> _Exercise requirements_
What's needed is an exact copy of the lines from the one that contains "Pack of 10 Strong" to the end of the data below, leaving the pictures out.

> _Data below_
------------------------------------------------------------------------

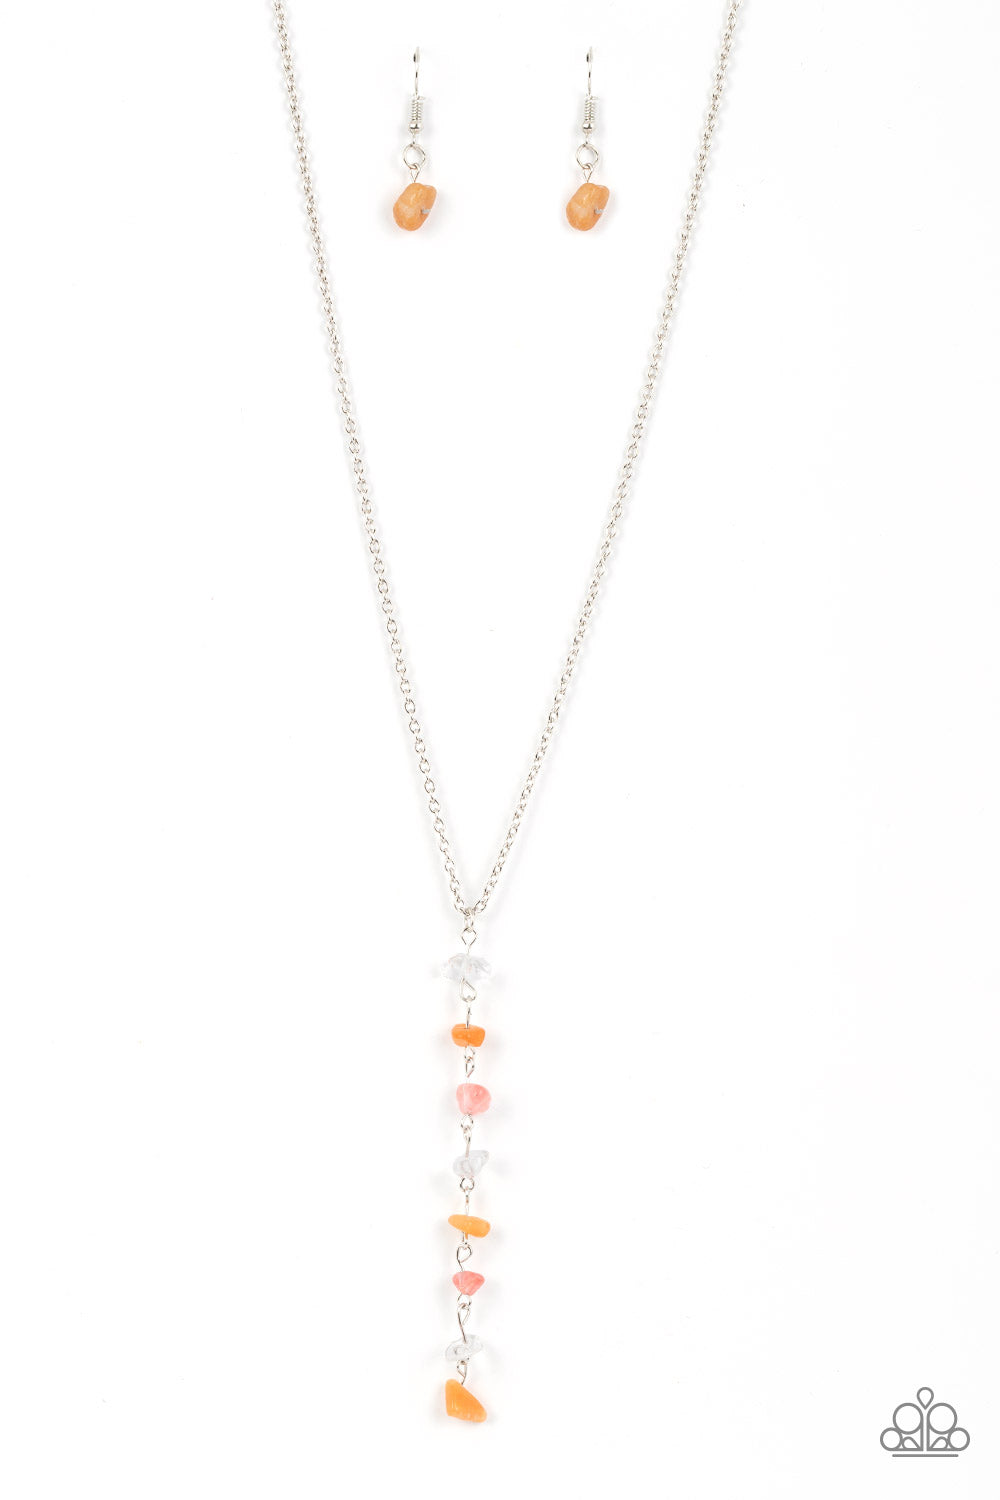 Tranquil Tidings - Orange Necklace - Paparazzi Accessories - Alies Bling Bar
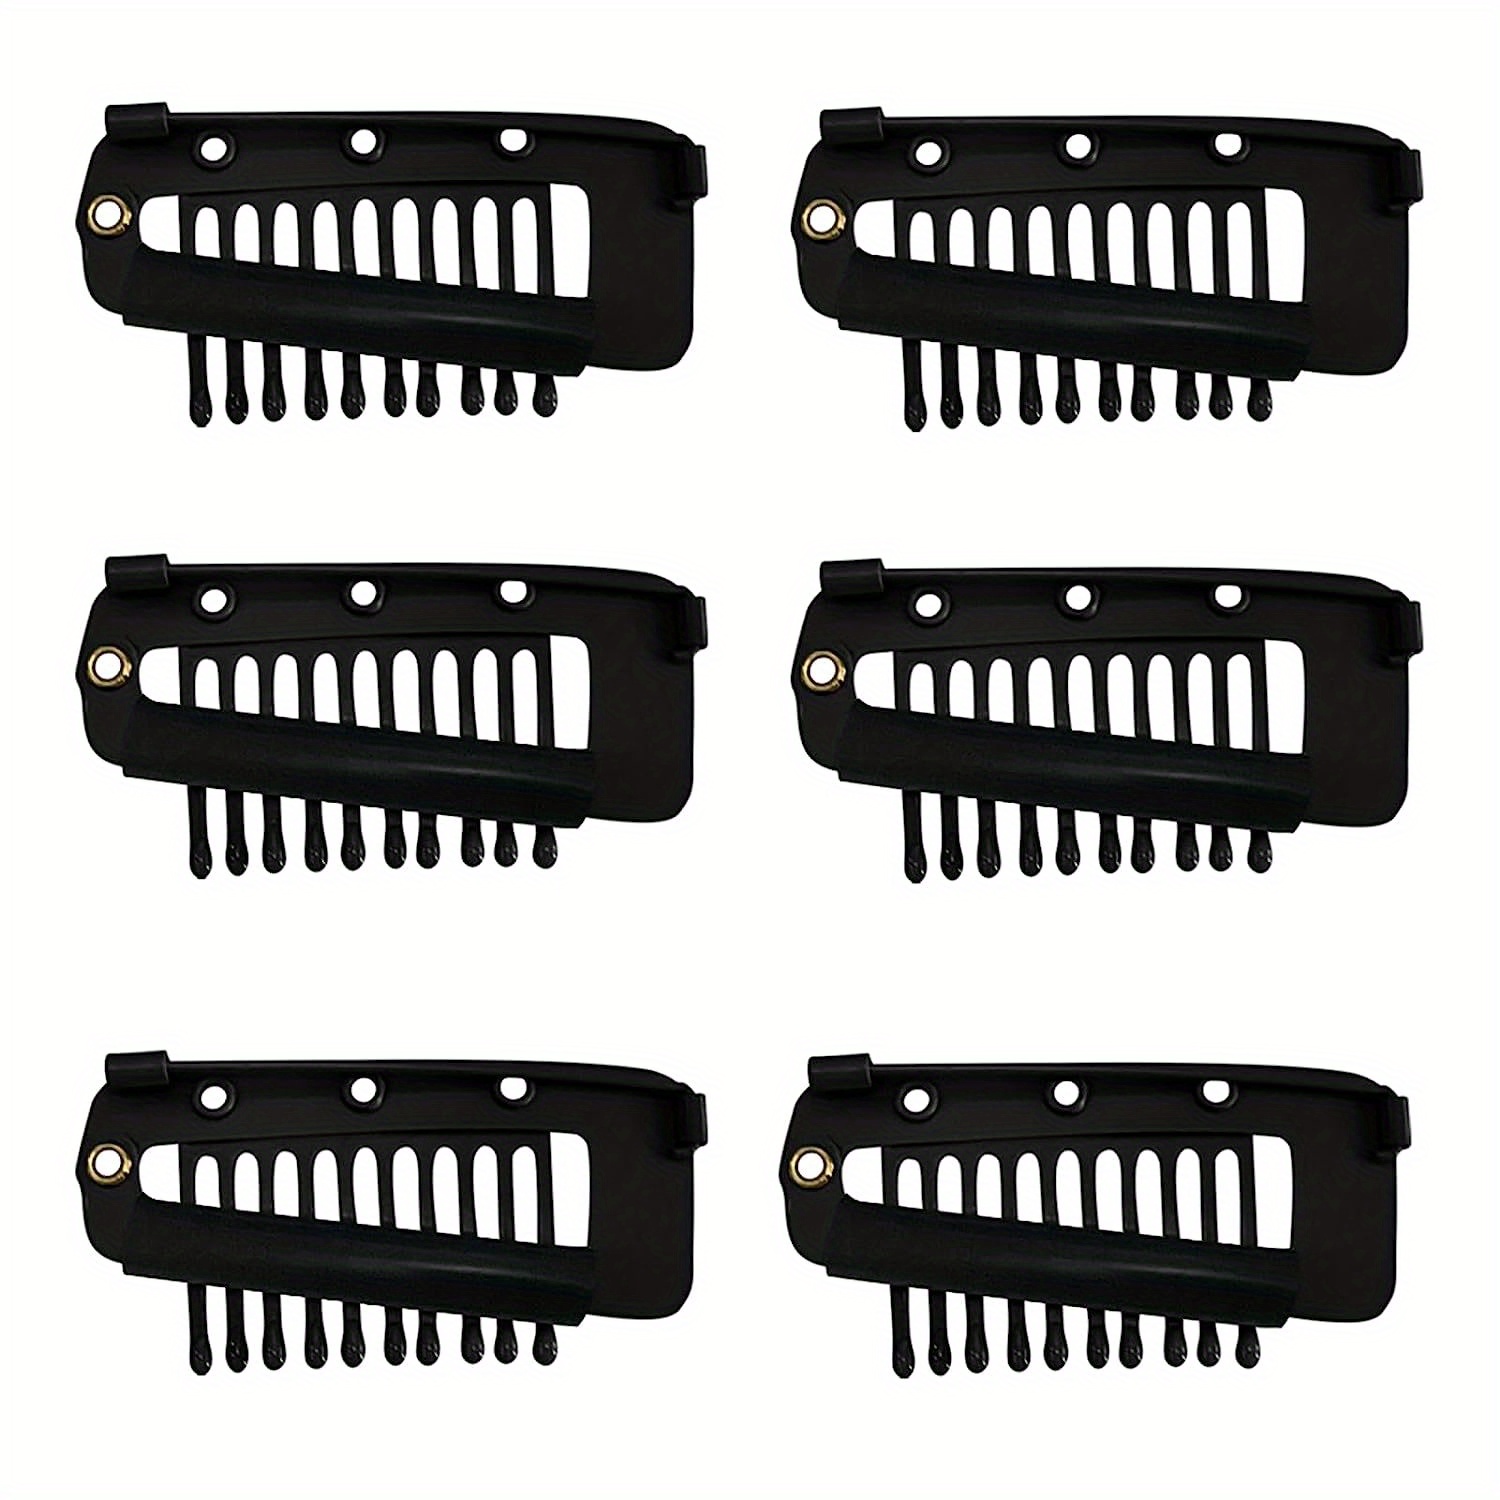 Pack of 10 Strong Chunni Clips with Safety Pin, Black 
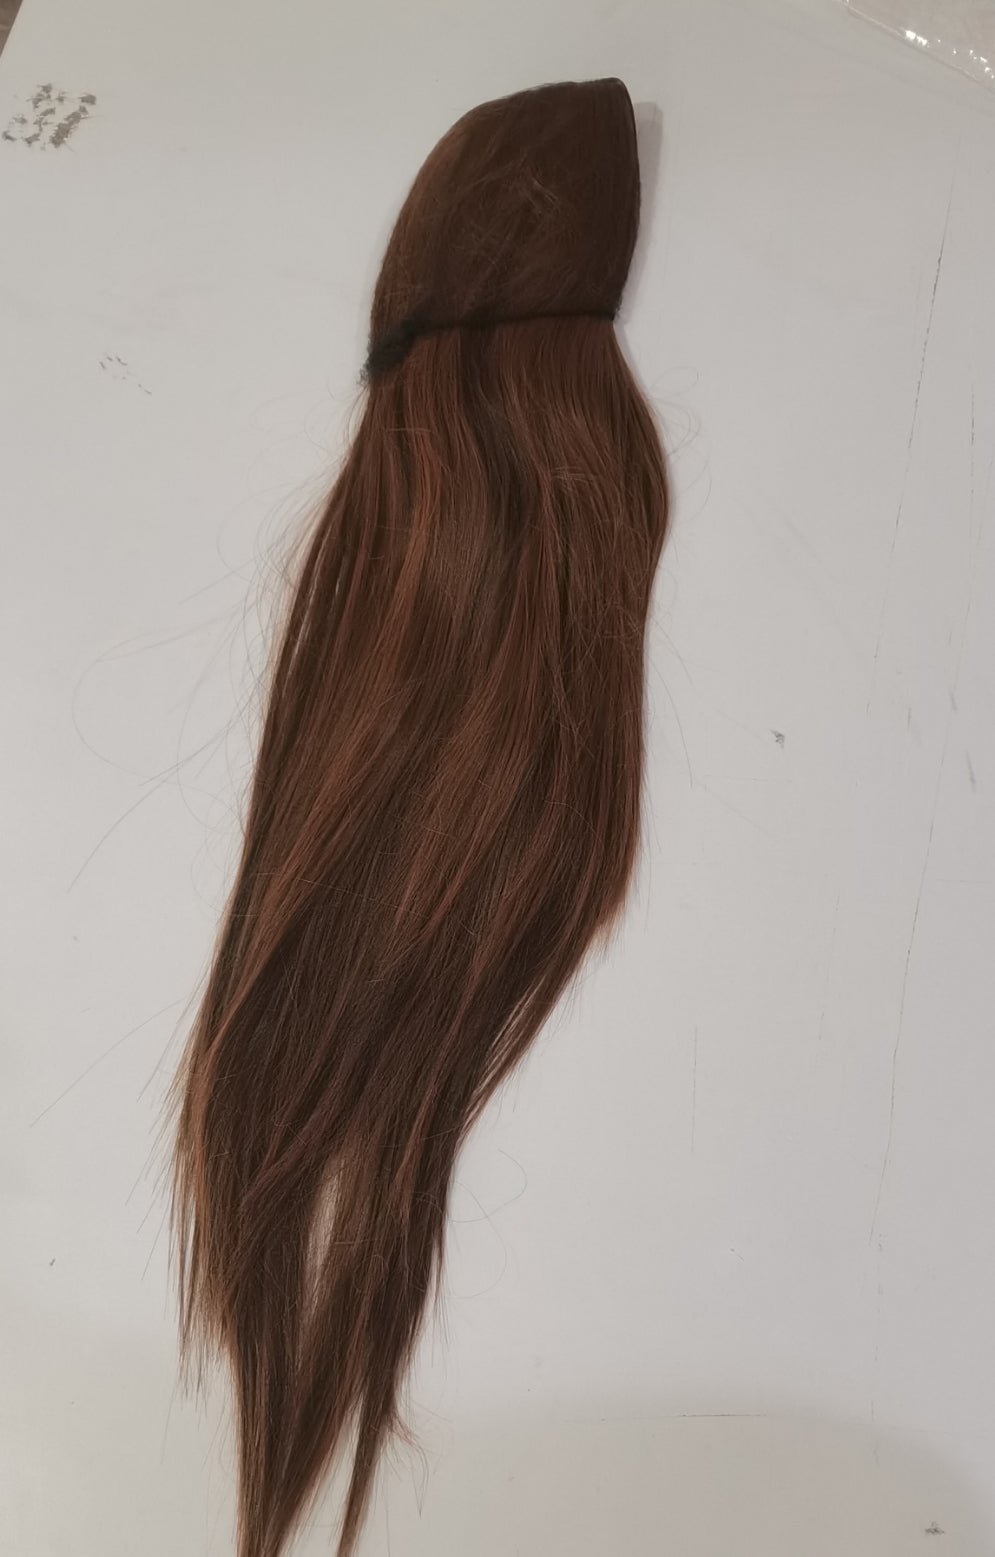 Black long straight hair wig cover

------------------------------------------------------------------------

> _Exercise output_
 Pack of 10 Strong Chunni Clips with Safety Pin, Black 
 Black long straight hair wig cover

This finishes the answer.